Prometheus query to calculate avg_over_time up-time, but want to ignore individual url wise planned downtimes

232 Views Asked by At

I am using below query to display the average up-time of a certain website in percentage for SLA monitoring.

(avg_over_time(probe_success{job="$http_job"}[24h]) * 100)

try to exclude palnned downtime(15mins or 1hr depends on url) which can be different w.r.t env/production. Can anyone pls help on this

tried with offset but it dint worked

1

There are 1 best solutions below

0
markalex On

You can add unless on() (day_of_month()==10 and hour() ==1 and minute()>0<15) to your metric, to ignore values over some period of time.

For example,

up unless on() (day_of_month() == 10 and hour() == 1 and minute() >= 0 <= 59)

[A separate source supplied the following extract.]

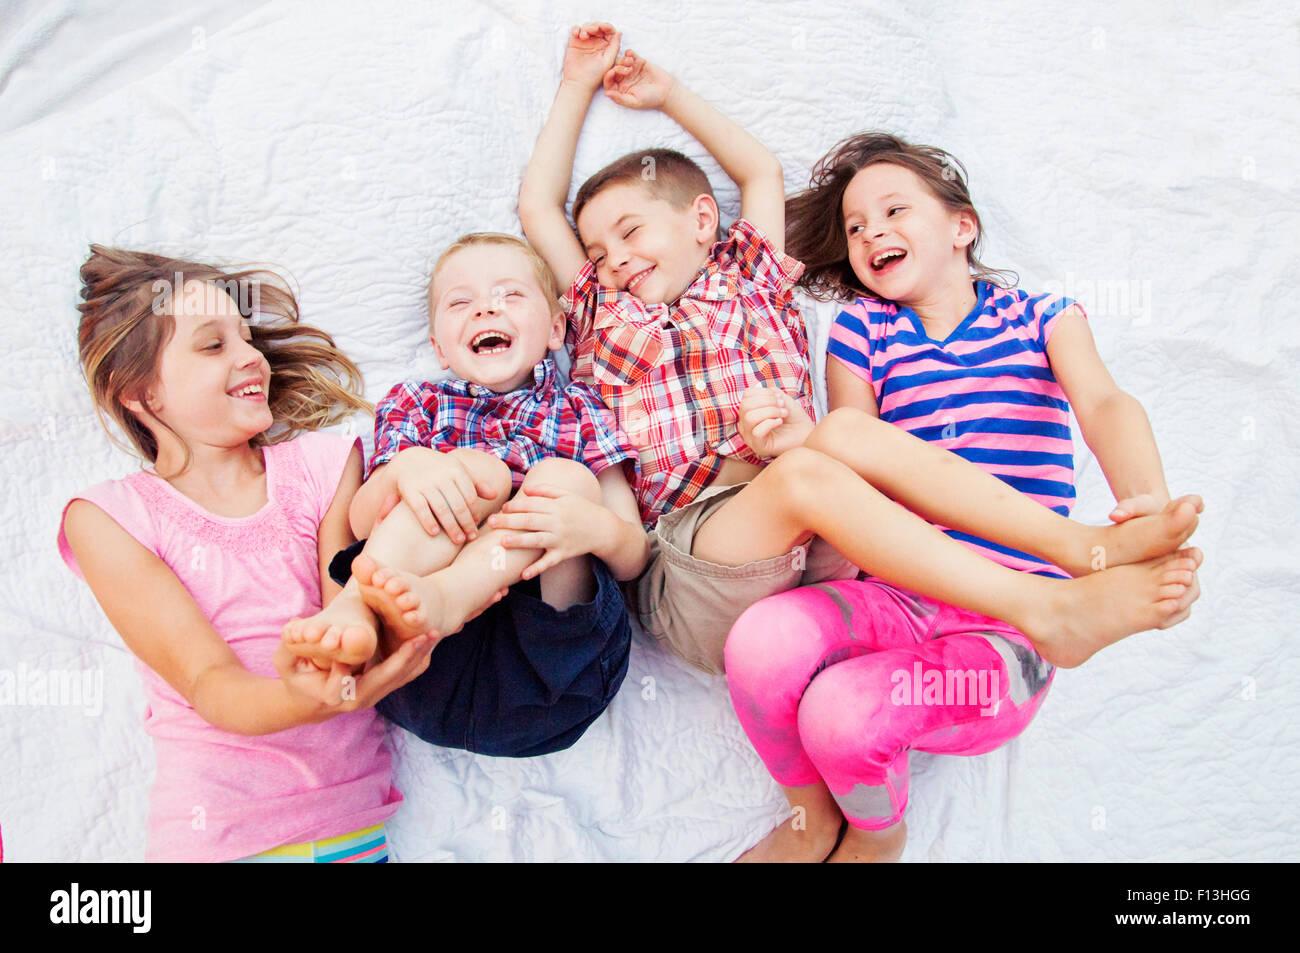 Due sorelle tickle due fratelli piedi Immagini Stock
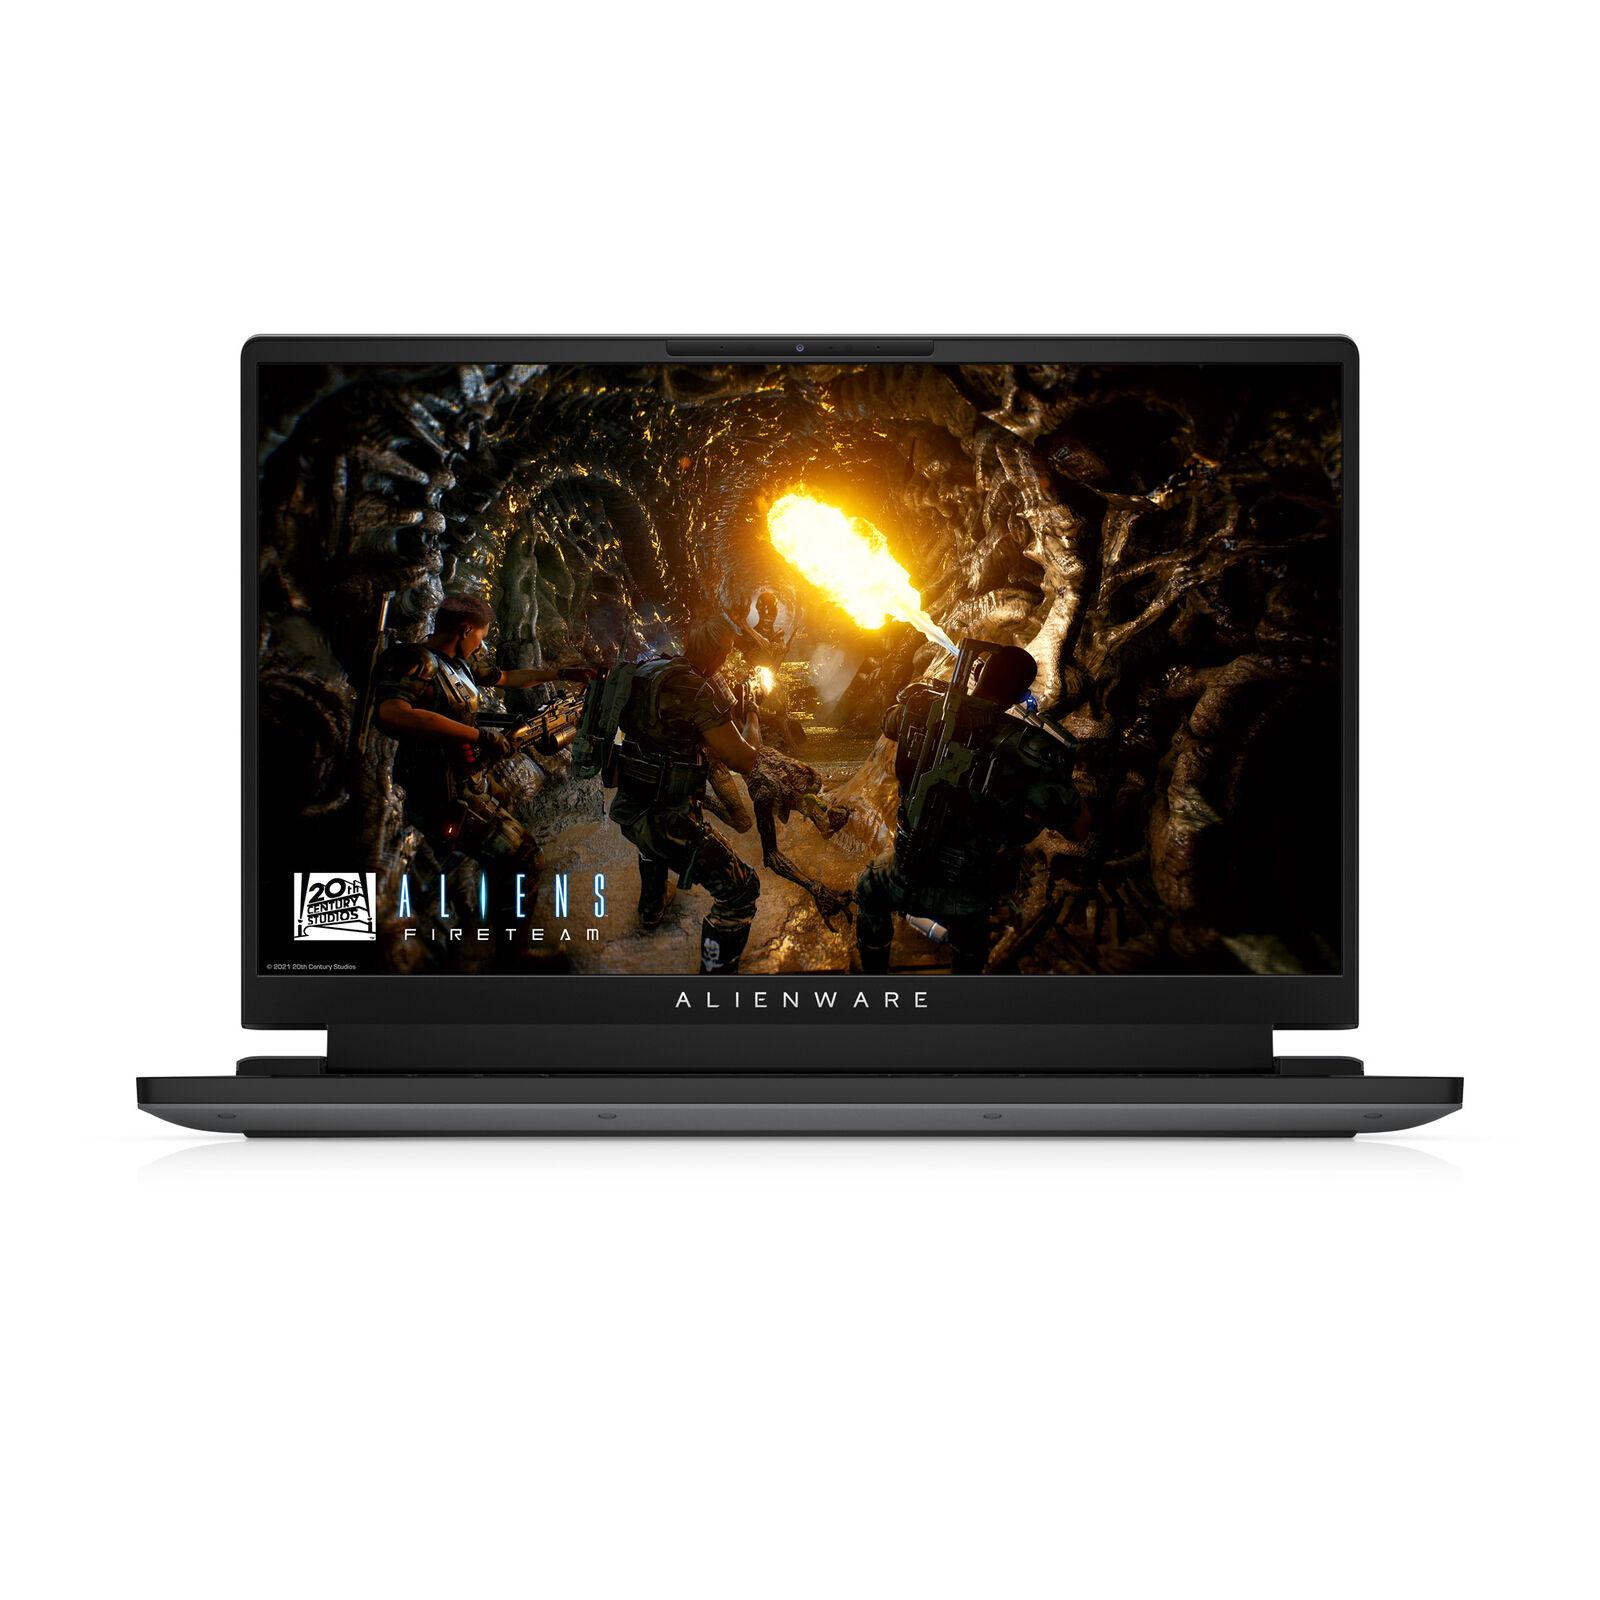 """Alienware M15 R6 Laptop 15.6"""" FHD Intel i5 NVIDIA RTX 3060 256GB SSD 8GB RAM"""

will return values except for 01:00 - 02:00 on 10th of every month.

Demo can be seen here.

I case of your query, you'll need to also use subquery syntax, to apply range selector to complex query instead of instant selector.

Your resulting query will look something like this:

avg_over_time(
 (
  probe_success{job="$http_job"}
  unless on() (
    day_of_month() == 10
    and hour() == 1
    and minute() > 0 < 15)
 )[24h]
) * 100